Chalamet is a third-generation New Yorker, but his real-life father is from France, and his mother’s roots are in Russia and Austria. They actually did summer in Europe when he was growing up, albeit France, where Chalamet coached youth soccer, and his actress older sister now resides (he interrupted a sibling FaceTime session for our interview, during which she texts, “YOLO COME BACK.” He did, after greeting his “Miss Stevens” co-star and fellow hotel patron Lily Rabe).
He said his time in France led to “a little bit of ambiguity in the self-identity sense, which helps a lot creatively because I don’t feel as constricted by who I am. I almost don’t really know the answer to that.”
Still, his prolific year translated to three releases — “Hot Summer Nights,” “Call Me by Your Name,” and “Lady Bird,” where he plays the lead’s not-so-compassionate musician fling. As he discusses “Lady Bird,” it highlights the charmingly complicated way Chalamet sometimes speaks: “I’m just thinking of how things look when read, so I speak slowly and just try to pick my words.” Instead of calling his character merely “aloof” or “unlikable,” he said Kyle “has to hit a specific antagonistic note, to some degree — or at the very least it can’t be a smooth part of the narrative — and yet I would hope that the character comes across as a human and even in poor and reckless behavior, someone whose still three-dimensional.”
In 2017, he also shot Woody Allen’s “A Rainy Day in New York” and “Beautiful Boy,” an adaptation of David Sheff’s memoir directed by Felix Van Groeningen. Steve Carell portrays Sheff, the father of a recovering meth addict (Chalamet). Post-“Call Me by Your Name,” he’ll next hit theaters with “Hostiles,” a Western from writer-director Scott Cooper starring Rosamund Pike and Christian Bale.
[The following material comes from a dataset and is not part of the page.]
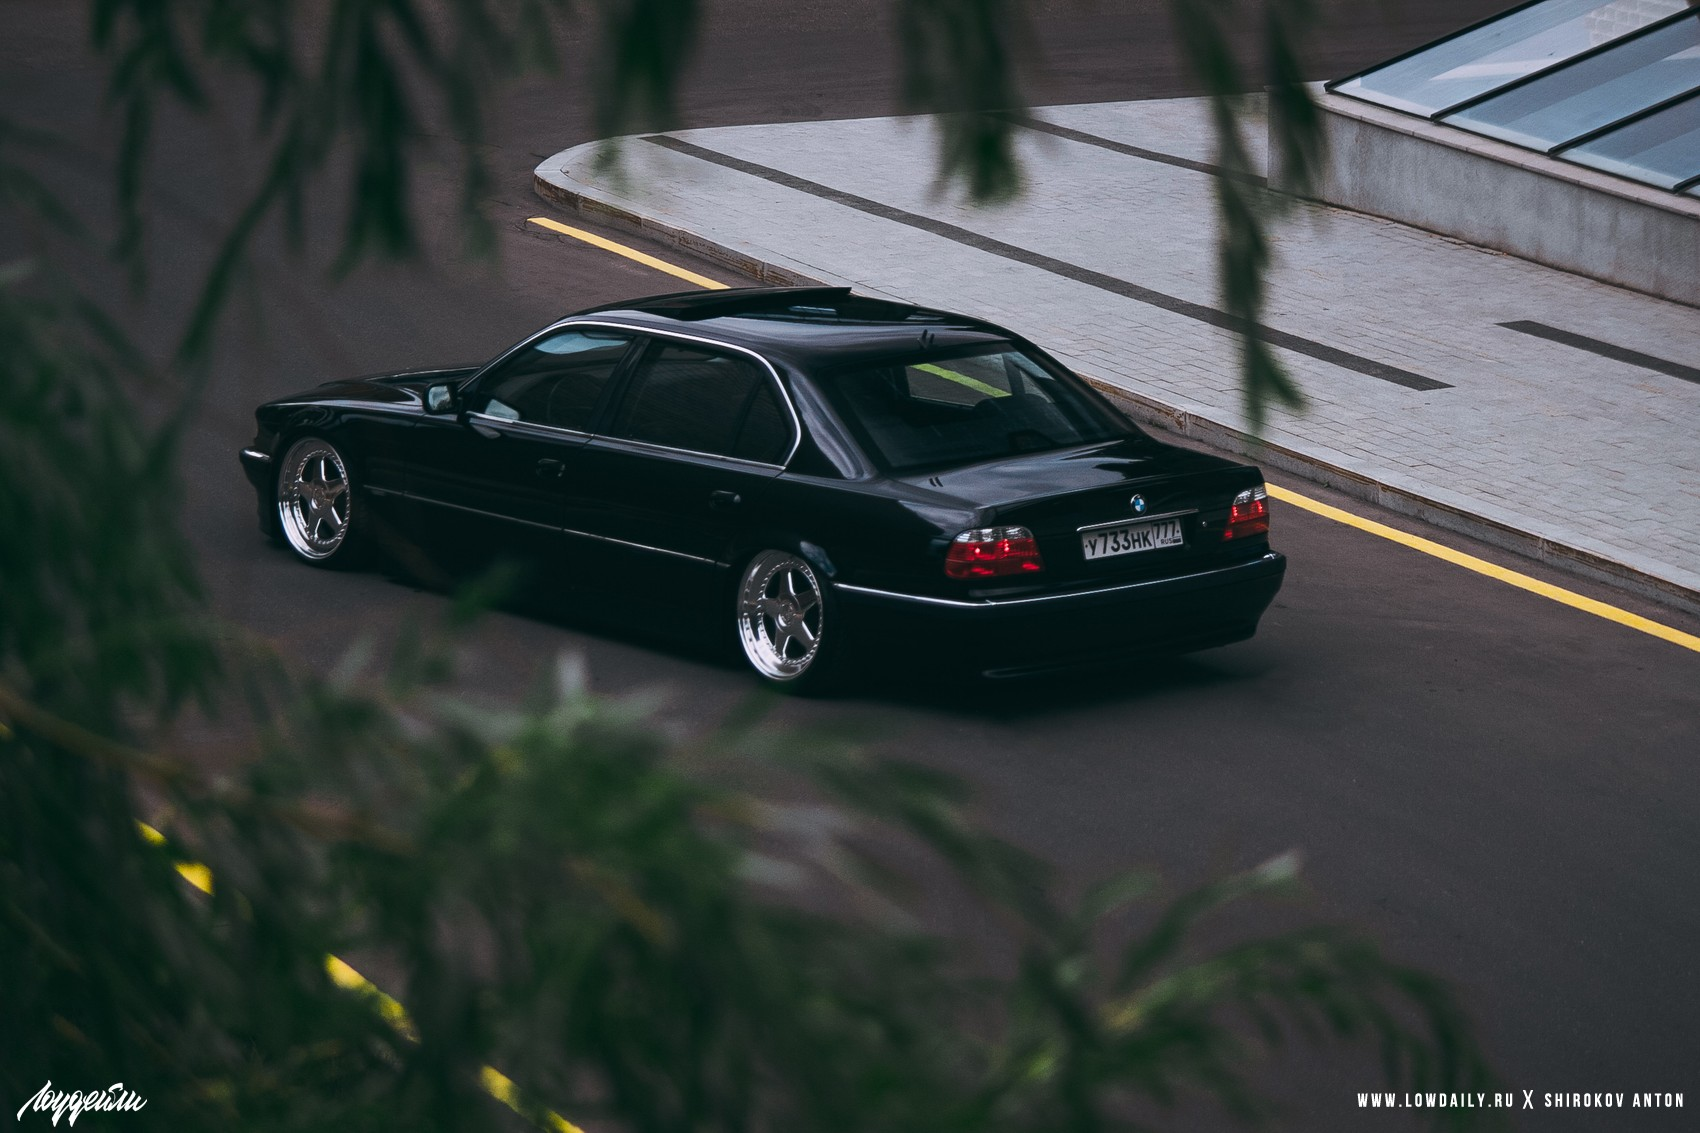 BMW E38 Lowdaily _MG_6987
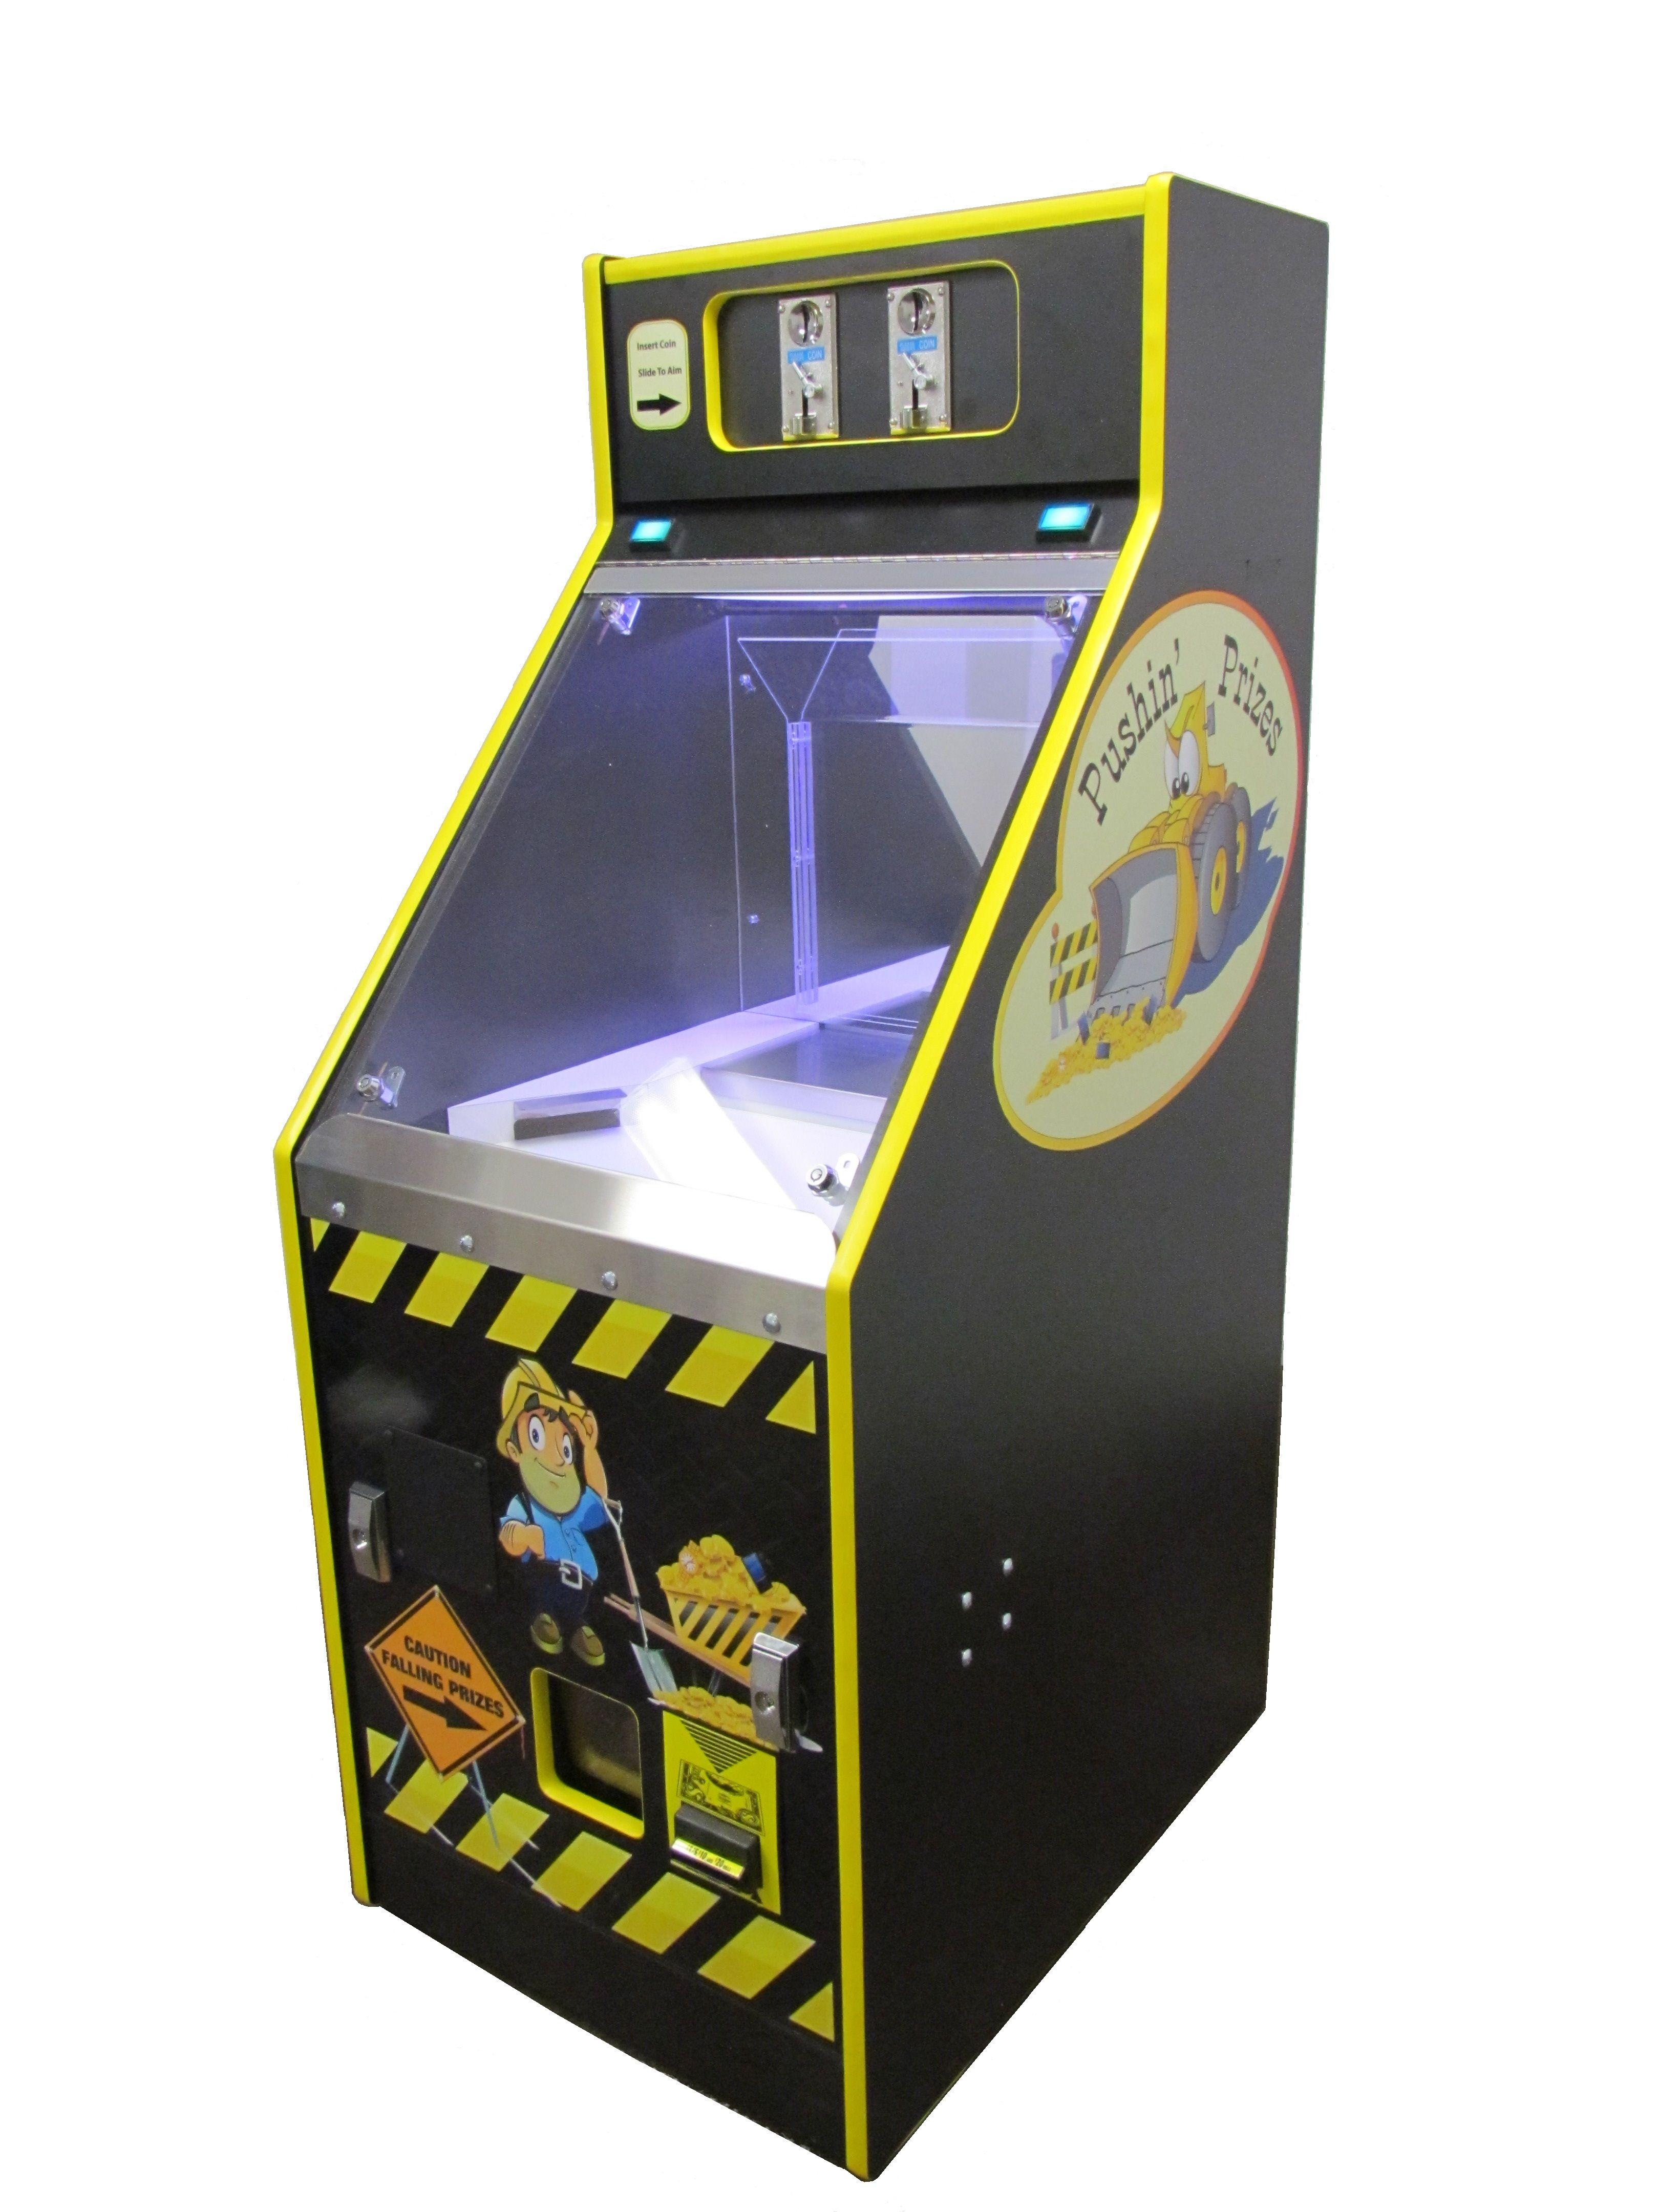 Pushin' Prizes coin pusher | quarter pusher amusement game

“I have the tremendous benefit of nobody knowing who I am,” he said, which isn’t exactly true — four years ago, he landed in New York tabloids for dating LaGuardia classmate Lourdes Leon, otherwise known as Madonna’s daughter, and there’s now YouTube footage of him kissing Selena Gomez for Allen’s lens. “Then you can have sex with a peach in a movie” — as he does in “Call Me by Your Name” — “and not be concerned that the collateral you’re putting on the line will be damaged if the performance of the film is no good.”
Now he’s on the precipice of full-fledged fame, but he sees no reason to become jaded. “Sometimes I’ll hear my parents’ friends point out something that’s been said cynically, or a joke that’s been made that’s cynical, and I can’t ever hear it because that’s part of the cultural DNA now,” he said. “‘Call Me by Your Name’ rejects all of that. It’s just a pure celebration of love. There isn’t some dark antagonizer.”
Sony Pictures Classics’ “Call Me by Your Name” will be in theaters on November 24.